Reporter: Emir Yanwardhana | Editor: Hendra Gunawan
JAKARTA. Produsen pabrik fiber optik meminta pemerintah memperbaiki ketentuan impor kabel optik. Pasalnya ada disharonisasi tarif antara harga bahan baku dengan tarif bea masuk kabel fiber impor yang merugikan produsen dalam negeri.
Presiden Direktur PT Communication Cable System Indonesia, Peter Djatmiko mengatakan, sebagai salah satu produsen kabel fiber optik dalam negeri, ia dikenakan tarif bea masuk anti dumping 30% untuk bahan baku kawat baja. Sementara kabel fiber optik impor asal Tiongkok tidak dikenakan bea masuk.
"Kita sulit bersaing menentukan harga jual, kawat baja merupakan komponen utama fiber optik, sementara pesaing bisa langsung mengimpor kabel jadi dari Tiongkok dengan harga murah," ujarnya saat berkunjung ke Kementerian Perindustrian, Kamis (21/1) kemarin.

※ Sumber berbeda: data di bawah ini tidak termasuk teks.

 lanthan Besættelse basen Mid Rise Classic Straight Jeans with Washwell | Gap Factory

Dia menjelaskan, kabel baja termasuk salah satu komponen utama pembuatan kabel fiber optik. Jika membeli kawat baja lokal dari Krakatau Steel harganya mencapai US$ 1.200 per metrik ton. Sedangkan jika membeli kawat baja dari Tiongkok harganya hanya US$ 700 per metrik ton, ditambah pengenaan tarif bea masuk 30%. Namun, jika mengimpor kabel optik yang sudah jadi, tidak dikenakan bea masuk.

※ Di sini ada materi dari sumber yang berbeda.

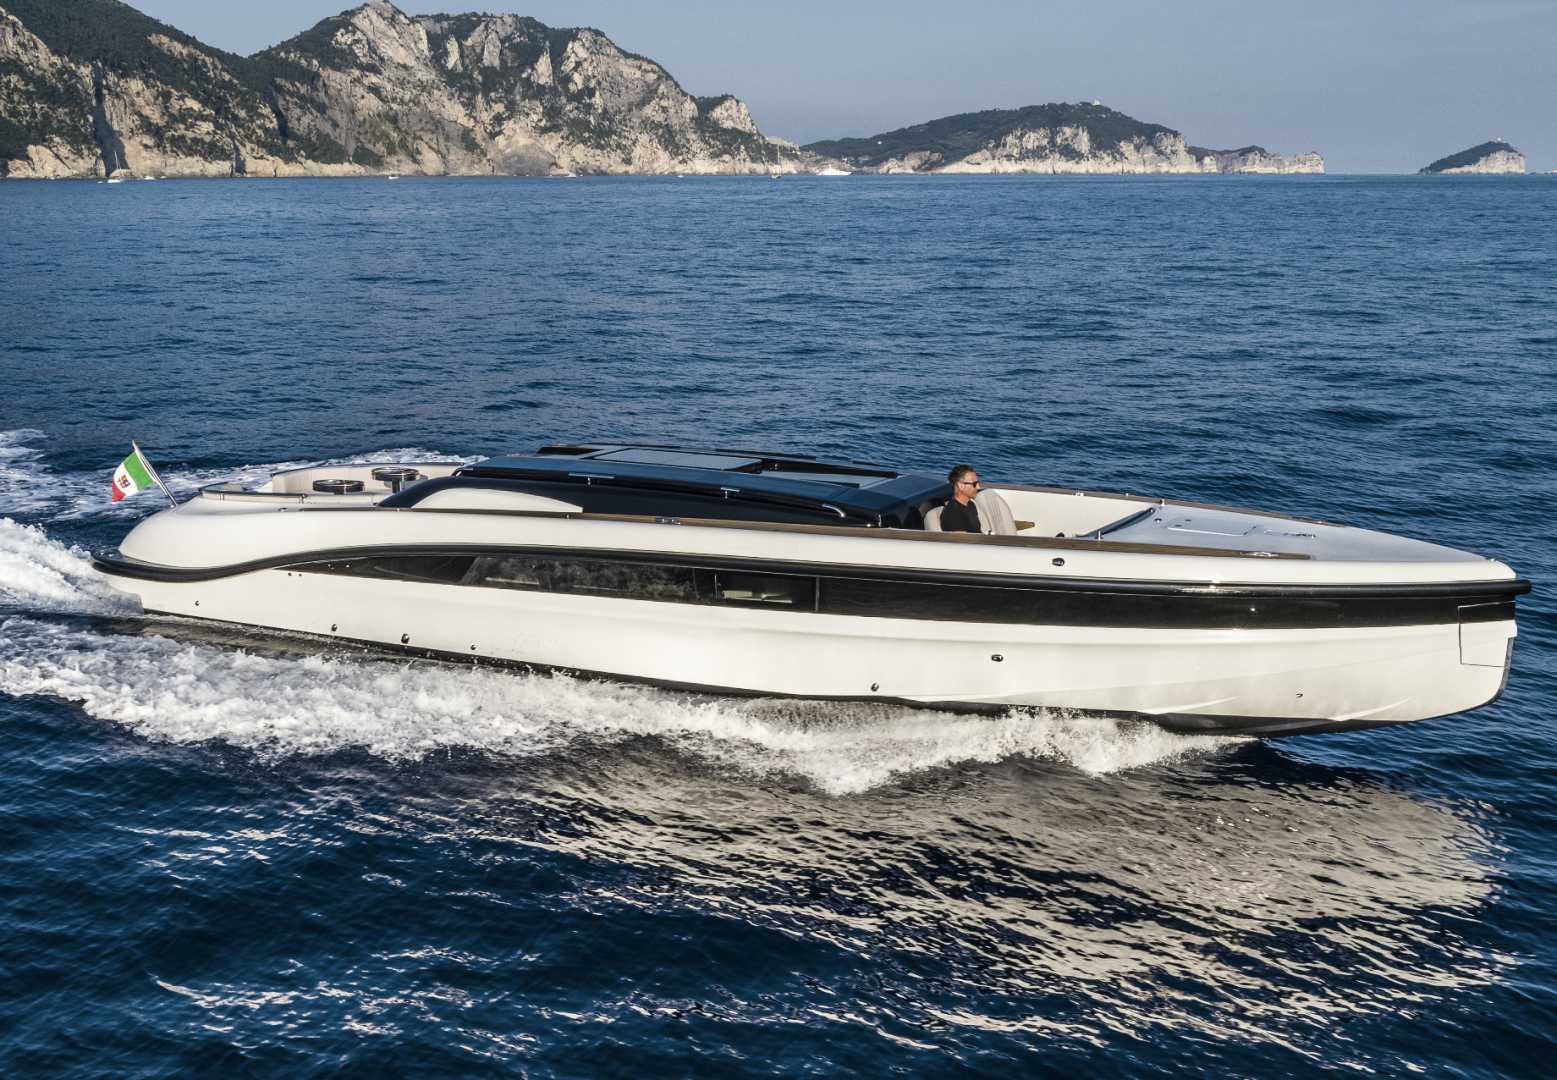 New WB14 limousine tender: high performance and on board safety

Peter mengatakan, dengan adanya disharmonisasi tarif ini, harga kawat baja impor bisa lebih tinggi 30%, sehingga sulit bagi produsen lokal bersaing dengan produk impor.
Untuk itu Peter berharap agar pemerintah bisa memberikan solusi. Misalnya saja untuk pengadaan fiber optik mega proyek Palapa Ring Jilid II, pemerintah bisa membebaskan dulu bea masuk impor kawat baja.
Peter menjelaskan bahwa proyek Palapa Ring Jilid II termasuk proyek yang paling besar untuk penyerapan kabel fiber optic. Diperkirakan proyek itu membutuhkan 1.800 kilometer kabel fiber optik senilai US$ 14 juta.